◆ **Given information**
——

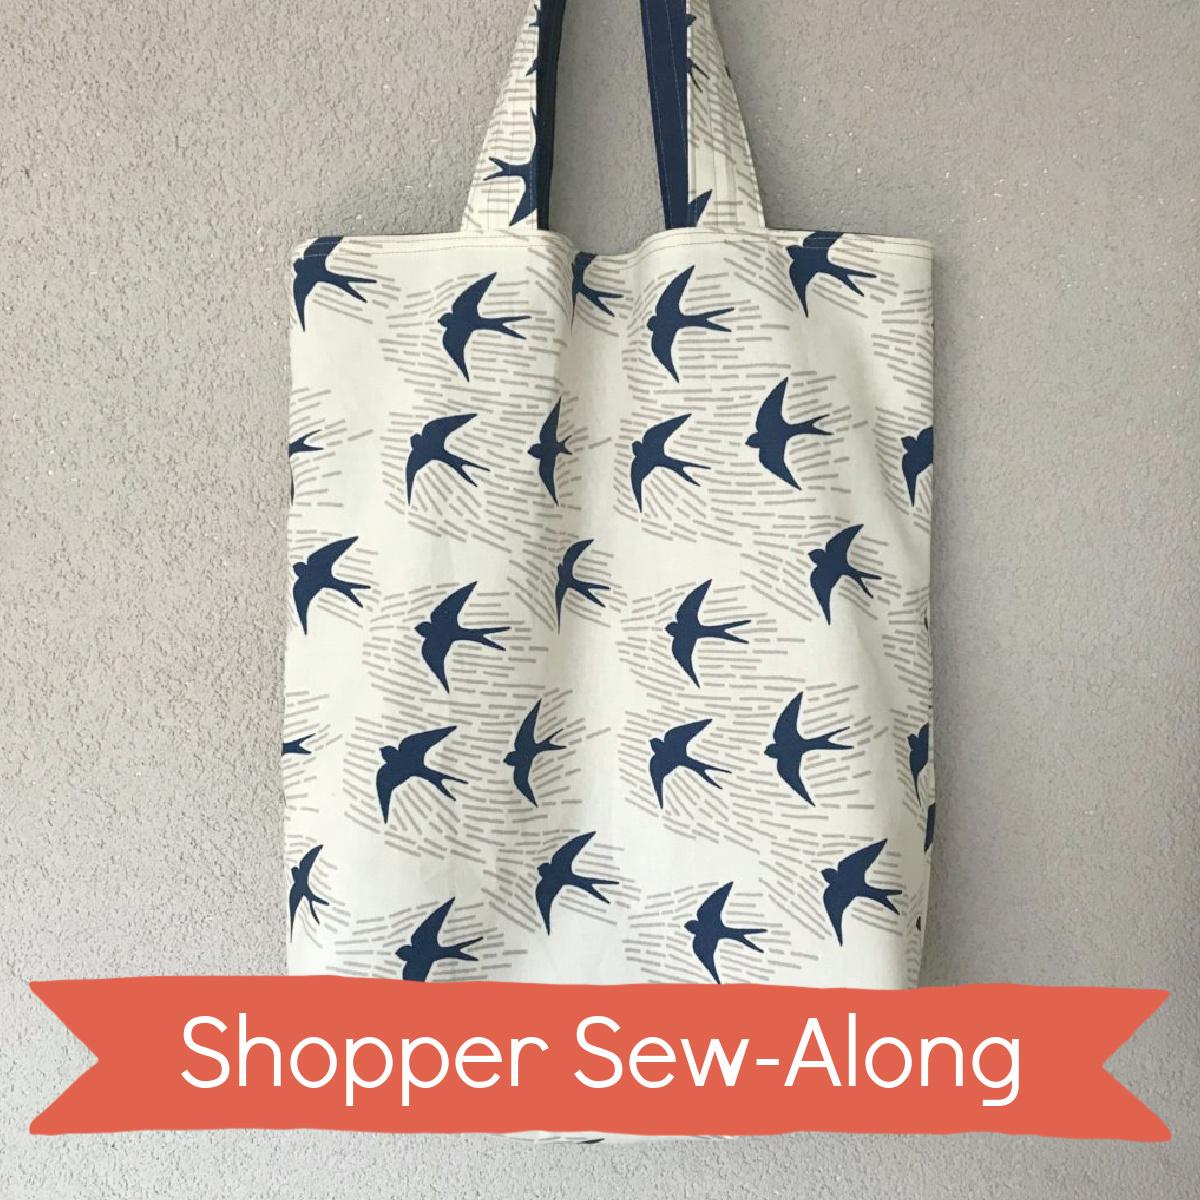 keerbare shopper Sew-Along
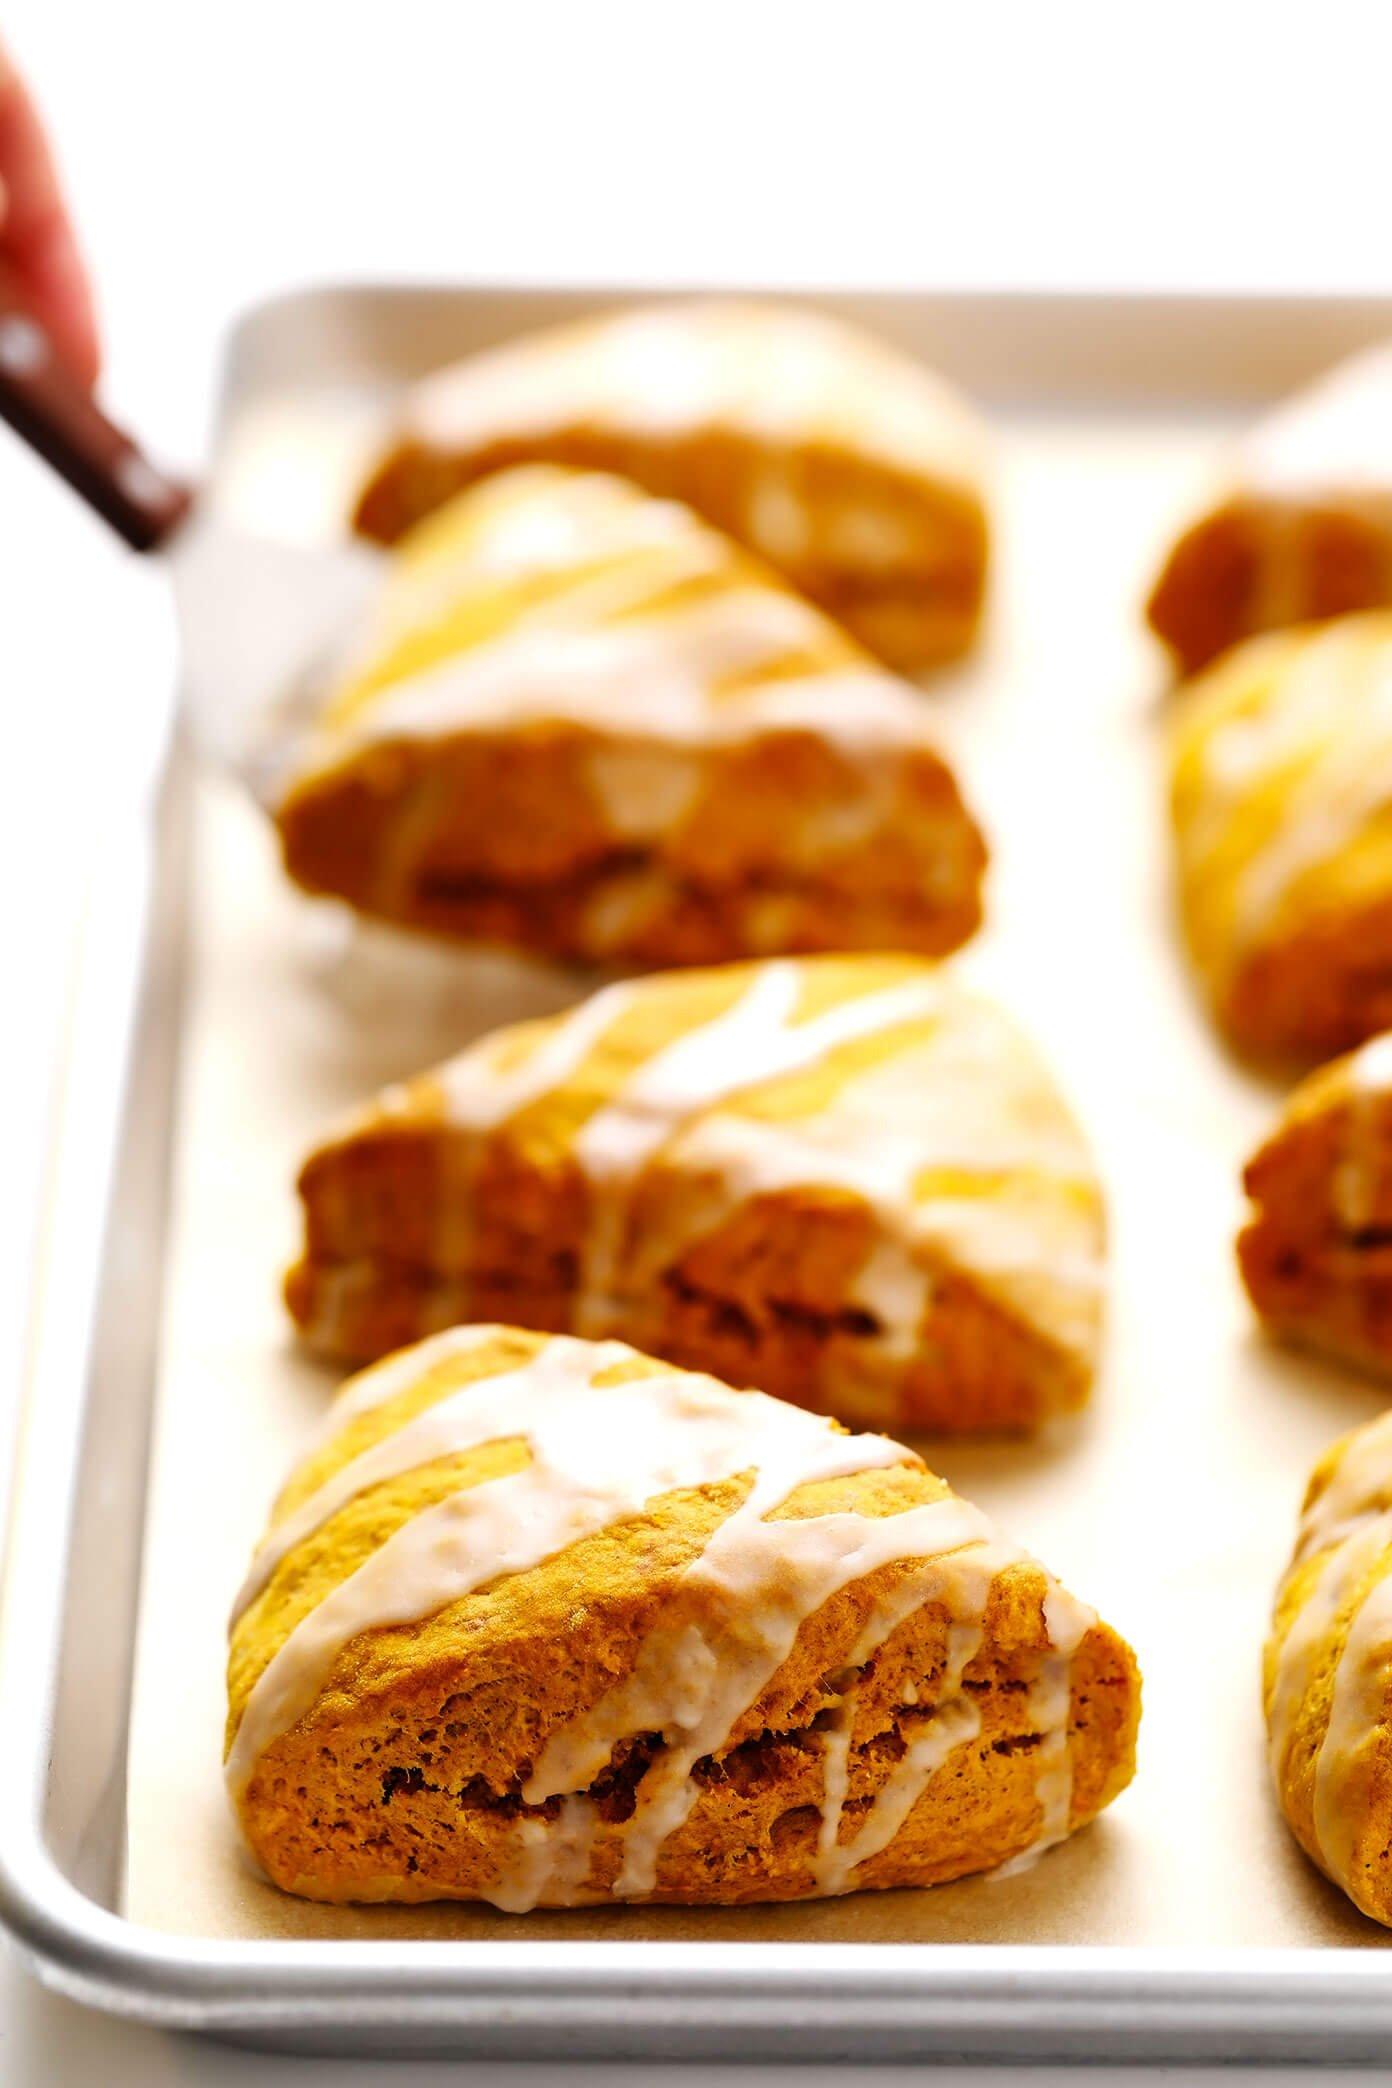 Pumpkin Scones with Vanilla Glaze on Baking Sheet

——

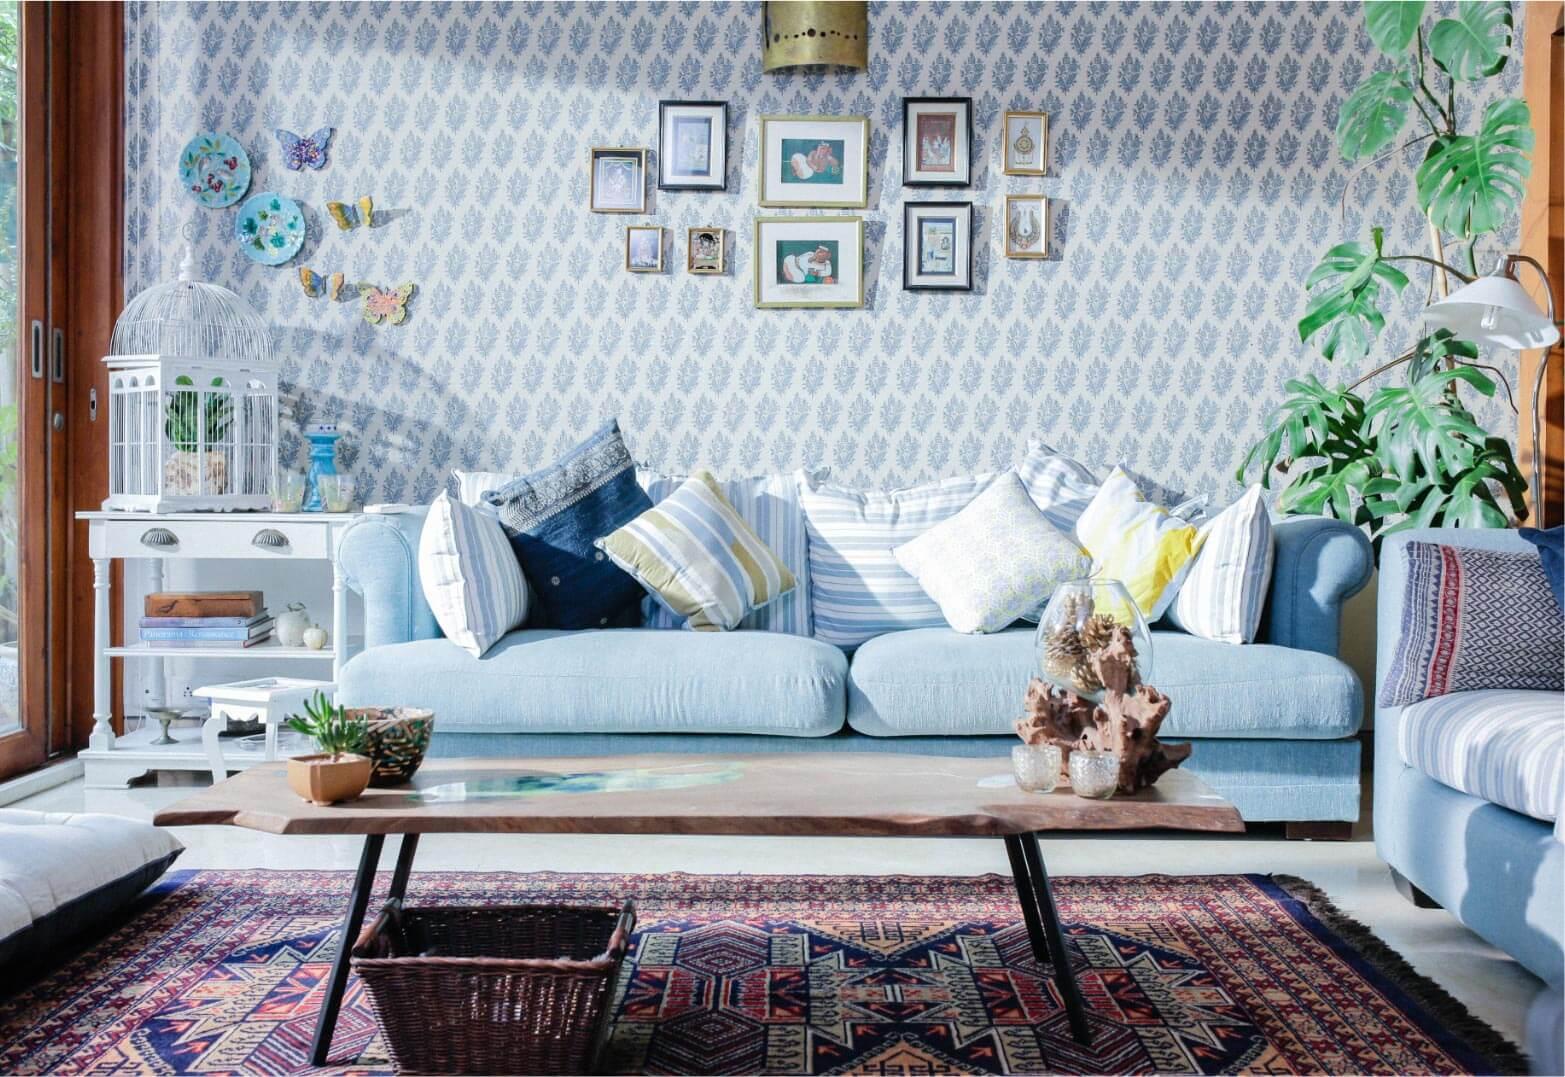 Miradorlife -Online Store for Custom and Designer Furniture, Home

——

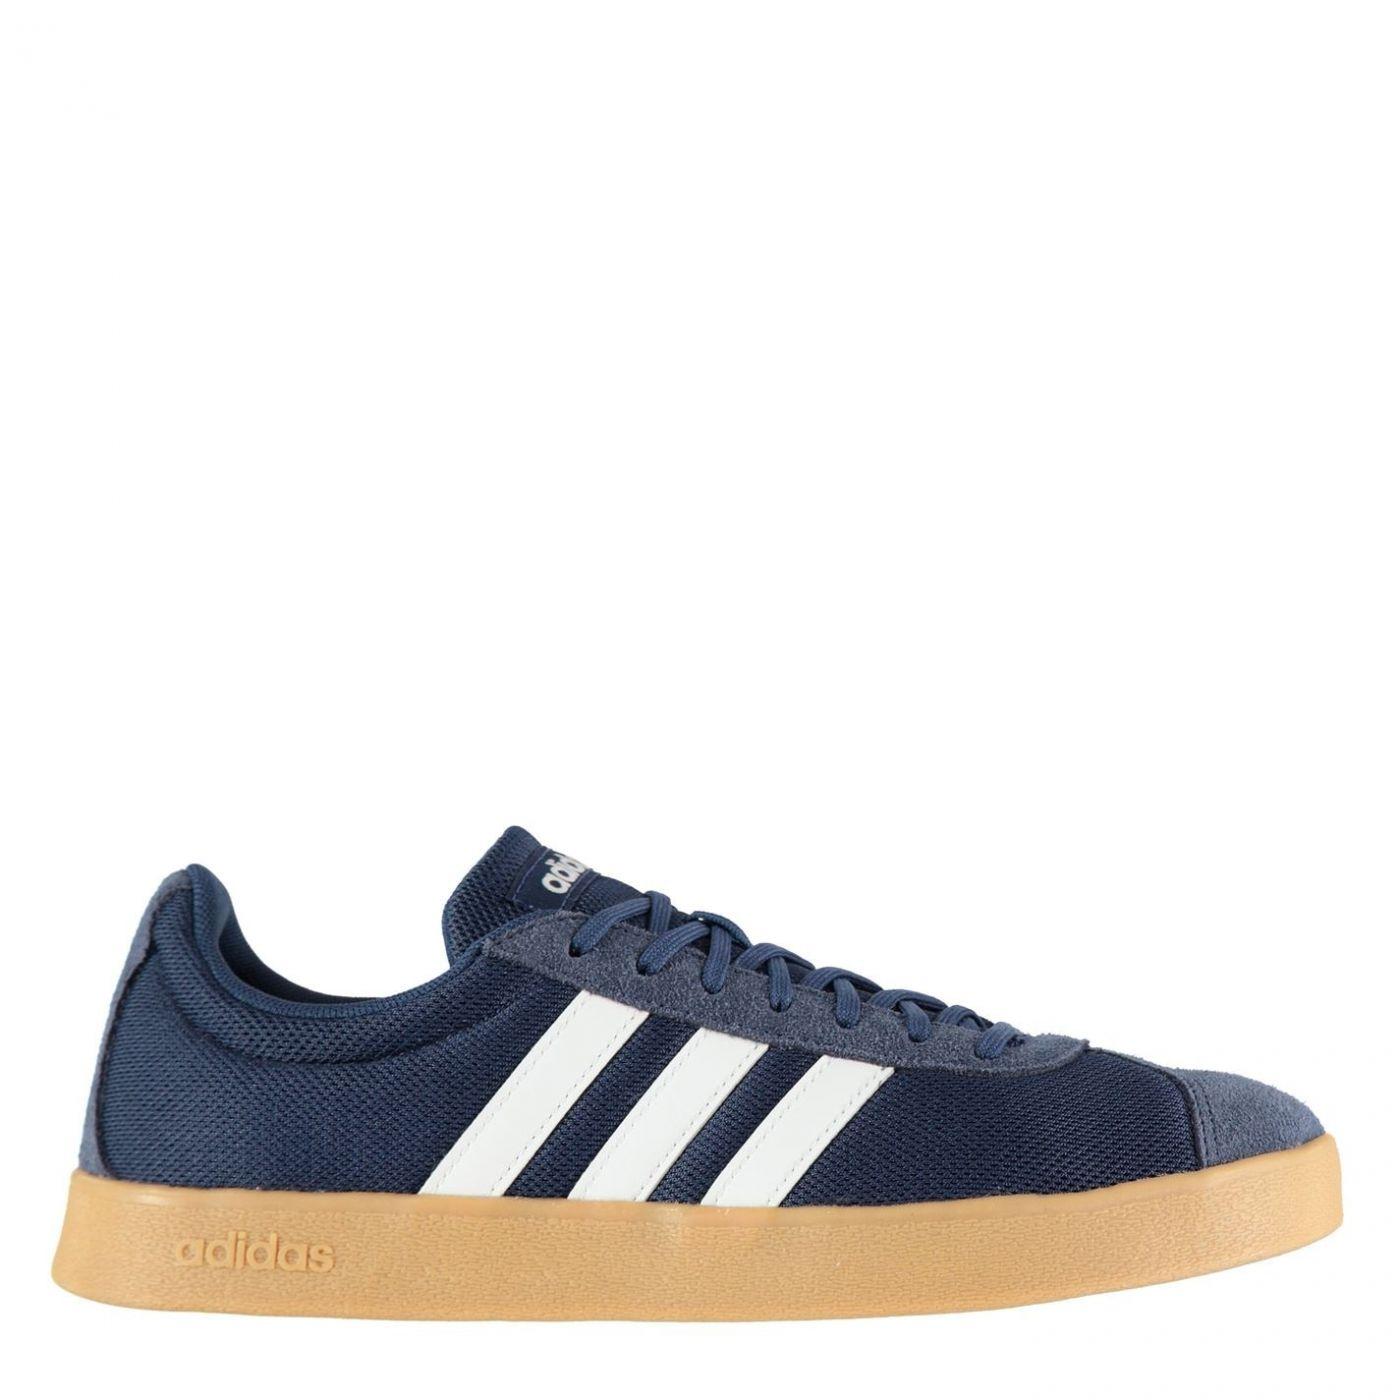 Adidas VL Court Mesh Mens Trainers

——

◆ **Task description**
From the records above, output only the lines starting at the one containing "keerbare shopper Sew-Along" and ending at the one containing "Pumpkin Scones with", word for word. Pictures stay out.

◆ **Exercise output**
 keerbare shopper Sew-Along
 Pumpkin Scones with Vanilla Glaze on Baking Sheet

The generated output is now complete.